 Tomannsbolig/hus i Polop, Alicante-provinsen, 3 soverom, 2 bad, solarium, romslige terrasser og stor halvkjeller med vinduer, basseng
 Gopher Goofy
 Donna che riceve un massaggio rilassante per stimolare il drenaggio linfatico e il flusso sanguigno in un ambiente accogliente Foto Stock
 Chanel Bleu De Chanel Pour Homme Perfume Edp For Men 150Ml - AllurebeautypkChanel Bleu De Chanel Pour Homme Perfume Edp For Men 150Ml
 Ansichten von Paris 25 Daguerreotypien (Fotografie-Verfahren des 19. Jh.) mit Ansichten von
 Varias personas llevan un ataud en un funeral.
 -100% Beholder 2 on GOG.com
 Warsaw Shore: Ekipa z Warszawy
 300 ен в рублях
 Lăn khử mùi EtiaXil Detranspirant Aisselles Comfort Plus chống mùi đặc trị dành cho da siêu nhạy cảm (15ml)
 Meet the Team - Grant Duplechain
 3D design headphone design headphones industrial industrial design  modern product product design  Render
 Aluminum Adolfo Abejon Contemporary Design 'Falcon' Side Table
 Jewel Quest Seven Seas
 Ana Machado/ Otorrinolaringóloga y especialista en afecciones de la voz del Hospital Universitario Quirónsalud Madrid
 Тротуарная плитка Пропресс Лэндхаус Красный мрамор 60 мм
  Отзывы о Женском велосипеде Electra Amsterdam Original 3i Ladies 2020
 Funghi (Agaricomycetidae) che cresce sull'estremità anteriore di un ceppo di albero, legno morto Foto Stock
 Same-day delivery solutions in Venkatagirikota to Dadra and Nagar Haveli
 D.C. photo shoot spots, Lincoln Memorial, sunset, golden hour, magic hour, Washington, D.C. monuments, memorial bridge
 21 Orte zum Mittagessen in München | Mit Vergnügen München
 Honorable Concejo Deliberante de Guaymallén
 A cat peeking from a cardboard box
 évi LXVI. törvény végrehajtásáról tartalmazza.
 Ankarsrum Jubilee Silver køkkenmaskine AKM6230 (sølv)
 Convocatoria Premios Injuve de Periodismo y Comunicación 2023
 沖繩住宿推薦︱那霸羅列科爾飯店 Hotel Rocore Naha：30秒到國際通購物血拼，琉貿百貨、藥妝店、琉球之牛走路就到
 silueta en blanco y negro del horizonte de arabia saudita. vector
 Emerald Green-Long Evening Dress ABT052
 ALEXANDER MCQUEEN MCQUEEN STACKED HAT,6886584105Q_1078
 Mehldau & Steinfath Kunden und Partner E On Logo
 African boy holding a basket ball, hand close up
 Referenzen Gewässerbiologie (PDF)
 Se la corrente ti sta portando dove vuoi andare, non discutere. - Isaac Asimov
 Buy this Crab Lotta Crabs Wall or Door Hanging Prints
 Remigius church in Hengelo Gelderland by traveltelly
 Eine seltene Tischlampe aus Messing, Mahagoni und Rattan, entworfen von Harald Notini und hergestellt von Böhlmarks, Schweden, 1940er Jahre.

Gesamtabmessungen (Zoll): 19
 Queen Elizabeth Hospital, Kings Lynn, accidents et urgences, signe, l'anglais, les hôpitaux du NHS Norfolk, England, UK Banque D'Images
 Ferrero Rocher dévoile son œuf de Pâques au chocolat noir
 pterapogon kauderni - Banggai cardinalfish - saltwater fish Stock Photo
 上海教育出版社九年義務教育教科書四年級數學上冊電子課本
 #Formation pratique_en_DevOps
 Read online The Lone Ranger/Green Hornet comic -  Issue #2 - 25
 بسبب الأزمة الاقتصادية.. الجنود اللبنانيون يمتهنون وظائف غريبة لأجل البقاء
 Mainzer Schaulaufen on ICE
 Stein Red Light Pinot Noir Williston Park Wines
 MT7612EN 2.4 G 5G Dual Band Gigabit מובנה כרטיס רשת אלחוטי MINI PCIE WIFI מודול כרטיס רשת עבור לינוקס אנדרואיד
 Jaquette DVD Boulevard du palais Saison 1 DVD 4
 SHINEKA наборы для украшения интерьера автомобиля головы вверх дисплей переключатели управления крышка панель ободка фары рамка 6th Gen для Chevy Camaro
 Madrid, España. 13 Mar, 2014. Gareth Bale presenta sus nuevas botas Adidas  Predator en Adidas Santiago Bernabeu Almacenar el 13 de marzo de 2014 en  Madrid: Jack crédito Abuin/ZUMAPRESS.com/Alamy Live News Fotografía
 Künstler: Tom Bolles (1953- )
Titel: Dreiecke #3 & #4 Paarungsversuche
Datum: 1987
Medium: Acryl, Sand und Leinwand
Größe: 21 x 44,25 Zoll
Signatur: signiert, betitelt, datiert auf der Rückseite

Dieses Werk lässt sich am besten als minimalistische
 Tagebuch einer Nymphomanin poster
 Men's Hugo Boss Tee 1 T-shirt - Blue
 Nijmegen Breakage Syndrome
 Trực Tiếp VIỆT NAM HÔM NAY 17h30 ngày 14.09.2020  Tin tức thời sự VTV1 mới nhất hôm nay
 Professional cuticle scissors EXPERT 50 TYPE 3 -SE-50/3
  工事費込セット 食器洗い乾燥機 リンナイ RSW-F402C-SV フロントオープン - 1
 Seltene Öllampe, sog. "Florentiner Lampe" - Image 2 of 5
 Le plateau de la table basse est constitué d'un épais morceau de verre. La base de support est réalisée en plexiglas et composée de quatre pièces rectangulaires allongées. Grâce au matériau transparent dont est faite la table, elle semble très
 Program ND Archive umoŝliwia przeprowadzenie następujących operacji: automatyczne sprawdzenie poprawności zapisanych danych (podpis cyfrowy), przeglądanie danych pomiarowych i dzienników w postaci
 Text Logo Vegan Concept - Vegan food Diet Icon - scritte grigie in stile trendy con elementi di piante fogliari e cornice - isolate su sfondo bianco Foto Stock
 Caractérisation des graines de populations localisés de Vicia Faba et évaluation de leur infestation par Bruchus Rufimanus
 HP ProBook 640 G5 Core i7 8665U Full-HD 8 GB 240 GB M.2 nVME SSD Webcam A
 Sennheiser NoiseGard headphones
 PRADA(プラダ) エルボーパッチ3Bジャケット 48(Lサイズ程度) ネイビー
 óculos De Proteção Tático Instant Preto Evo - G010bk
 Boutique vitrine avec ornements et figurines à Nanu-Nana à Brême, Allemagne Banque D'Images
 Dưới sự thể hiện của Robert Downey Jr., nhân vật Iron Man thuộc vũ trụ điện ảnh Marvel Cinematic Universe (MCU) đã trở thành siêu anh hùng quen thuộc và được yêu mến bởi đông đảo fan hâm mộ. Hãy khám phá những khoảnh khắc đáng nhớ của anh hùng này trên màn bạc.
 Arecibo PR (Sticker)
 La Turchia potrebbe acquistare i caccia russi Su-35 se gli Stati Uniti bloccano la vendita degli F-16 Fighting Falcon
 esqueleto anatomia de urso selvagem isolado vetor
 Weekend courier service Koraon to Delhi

# Your task
Print the material word for word, with nothing left out.

# Output
 Tomannsbolig/hus i Polop, Alicante-provinsen, 3 soverom, 2 bad, solarium, romslige terrasser og stor halvkjeller med vinduer, basseng
 Gopher Goofy
 Donna che riceve un massaggio rilassante per stimolare il drenaggio linfatico e il flusso sanguigno in un ambiente accogliente Foto Stock
 Chanel Bleu De Chanel Pour Homme Perfume Edp For Men 150Ml - AllurebeautypkChanel Bleu De Chanel Pour Homme Perfume Edp For Men 150Ml
 Ansichten von Paris 25 Daguerreotypien (Fotografie-Verfahren des 19. Jh.) mit Ansichten von
 Varias personas llevan un ataud en un funeral.
 -100% Beholder 2 on GOG.com
 Warsaw Shore: Ekipa z Warszawy
 300 ен в рублях
 Lăn khử mùi EtiaXil Detranspirant Aisselles Comfort Plus chống mùi đặc trị dành cho da siêu nhạy cảm (15ml)
 Meet the Team - Grant Duplechain
 3D design headphone design headphones industrial industrial design  modern product product design  Render
 Aluminum Adolfo Abejon Contemporary Design 'Falcon' Side Table
 Jewel Quest Seven Seas
 Ana Machado/ Otorrinolaringóloga y especialista en afecciones de la voz del Hospital Universitario Quirónsalud Madrid
 Тротуарная плитка Пропресс Лэндхаус Красный мрамор 60 мм
  Отзывы о Женском велосипеде Electra Amsterdam Original 3i Ladies 2020
 Funghi (Agaricomycetidae) che cresce sull'estremità anteriore di un ceppo di albero, legno morto Foto Stock
 Same-day delivery solutions in Venkatagirikota to Dadra and Nagar Haveli
 D.C. photo shoot spots, Lincoln Memorial, sunset, golden hour, magic hour, Washington, D.C. monuments, memorial bridge
 21 Orte zum Mittagessen in München | Mit Vergnügen München
 Honorable Concejo Deliberante de Guaymallén
 A cat peeking from a cardboard box
 évi LXVI. törvény végrehajtásáról tartalmazza.
 Ankarsrum Jubilee Silver køkkenmaskine AKM6230 (sølv)
 Convocatoria Premios Injuve de Periodismo y Comunicación 2023
 沖繩住宿推薦︱那霸羅列科爾飯店 Hotel Rocore Naha：30秒到國際通購物血拼，琉貿百貨、藥妝店、琉球之牛走路就到
 silueta en blanco y negro del horizonte de arabia saudita. vector
 Emerald Green-Long Evening Dress ABT052
 ALEXANDER MCQUEEN MCQUEEN STACKED HAT,6886584105Q_1078
 Mehldau & Steinfath Kunden und Partner E On Logo
 African boy holding a basket ball, hand close up
 Referenzen Gewässerbiologie (PDF)
 Se la corrente ti sta portando dove vuoi andare, non discutere. - Isaac Asimov
 Buy this Crab Lotta Crabs Wall or Door Hanging Prints
 Remigius church in Hengelo Gelderland by traveltelly
 Eine seltene Tischlampe aus Messing, Mahagoni und Rattan, entworfen von Harald Notini und hergestellt von Böhlmarks, Schweden, 1940er Jahre.

Gesamtabmessungen (Zoll): 19
 Queen Elizabeth Hospital, Kings Lynn, accidents et urgences, signe, l'anglais, les hôpitaux du NHS Norfolk, England, UK Banque D'Images
 Ferrero Rocher dévoile son œuf de Pâques au chocolat noir
 pterapogon kauderni - Banggai cardinalfish - saltwater fish Stock Photo
 上海教育出版社九年義務教育教科書四年級數學上冊電子課本
 #Formation pratique_en_DevOps
 Read online The Lone Ranger/Green Hornet comic -  Issue #2 - 25
 بسبب الأزمة الاقتصادية.. الجنود اللبنانيون يمتهنون وظائف غريبة لأجل البقاء
 Mainzer Schaulaufen on ICE
 Stein Red Light Pinot Noir Williston Park Wines
 MT7612EN 2.4 G 5G Dual Band Gigabit מובנה כרטיס רשת אלחוטי MINI PCIE WIFI מודול כרטיס רשת עבור לינוקס אנדרואיד
 Jaquette DVD Boulevard du palais Saison 1 DVD 4
 SHINEKA наборы для украшения интерьера автомобиля головы вверх дисплей переключатели управления крышка панель ободка фары рамка 6th Gen для Chevy Camaro
 Madrid, España. 13 Mar, 2014. Gareth Bale presenta sus nuevas botas Adidas  Predator en Adidas Santiago Bernabeu Almacenar el 13 de marzo de 2014 en  Madrid: Jack crédito Abuin/ZUMAPRESS.com/Alamy Live News Fotografía
 Künstler: Tom Bolles (1953- )
Titel: Dreiecke #3 & #4 Paarungsversuche
Datum: 1987
Medium: Acryl, Sand und Leinwand
Größe: 21 x 44,25 Zoll
Signatur: signiert, betitelt, datiert auf der Rückseite

Dieses Werk lässt sich am besten als minimalistische
 Tagebuch einer Nymphomanin poster
 Men's Hugo Boss Tee 1 T-shirt - Blue
 Nijmegen Breakage Syndrome
 Trực Tiếp VIỆT NAM HÔM NAY 17h30 ngày 14.09.2020  Tin tức thời sự VTV1 mới nhất hôm nay
 Professional cuticle scissors EXPERT 50 TYPE 3 -SE-50/3
  工事費込セット 食器洗い乾燥機 リンナイ RSW-F402C-SV フロントオープン - 1
 Seltene Öllampe, sog. "Florentiner Lampe" - Image 2 of 5
 Le plateau de la table basse est constitué d'un épais morceau de verre. La base de support est réalisée en plexiglas et composée de quatre pièces rectangulaires allongées. Grâce au matériau transparent dont est faite la table, elle semble très
 Program ND Archive umoŝliwia przeprowadzenie następujących operacji: automatyczne sprawdzenie poprawności zapisanych danych (podpis cyfrowy), przeglądanie danych pomiarowych i dzienników w postaci
 Text Logo Vegan Concept - Vegan food Diet Icon - scritte grigie in stile trendy con elementi di piante fogliari e cornice - isolate su sfondo bianco Foto Stock
 Caractérisation des graines de populations localisés de Vicia Faba et évaluation de leur infestation par Bruchus Rufimanus
 HP ProBook 640 G5 Core i7 8665U Full-HD 8 GB 240 GB M.2 nVME SSD Webcam A
 Sennheiser NoiseGard headphones
 PRADA(プラダ) エルボーパッチ3Bジャケット 48(Lサイズ程度) ネイビー
 óculos De Proteção Tático Instant Preto Evo - G010bk
 Boutique vitrine avec ornements et figurines à Nanu-Nana à Brême, Allemagne Banque D'Images
 Dưới sự thể hiện của Robert Downey Jr., nhân vật Iron Man thuộc vũ trụ điện ảnh Marvel Cinematic Universe (MCU) đã trở thành siêu anh hùng quen thuộc và được yêu mến bởi đông đảo fan hâm mộ. Hãy khám phá những khoảnh khắc đáng nhớ của anh hùng này trên màn bạc.
 Arecibo PR (Sticker)
 La Turchia potrebbe acquistare i caccia russi Su-35 se gli Stati Uniti bloccano la vendita degli F-16 Fighting Falcon
 esqueleto anatomia de urso selvagem isolado vetor
 Weekend courier service Koraon to Delhi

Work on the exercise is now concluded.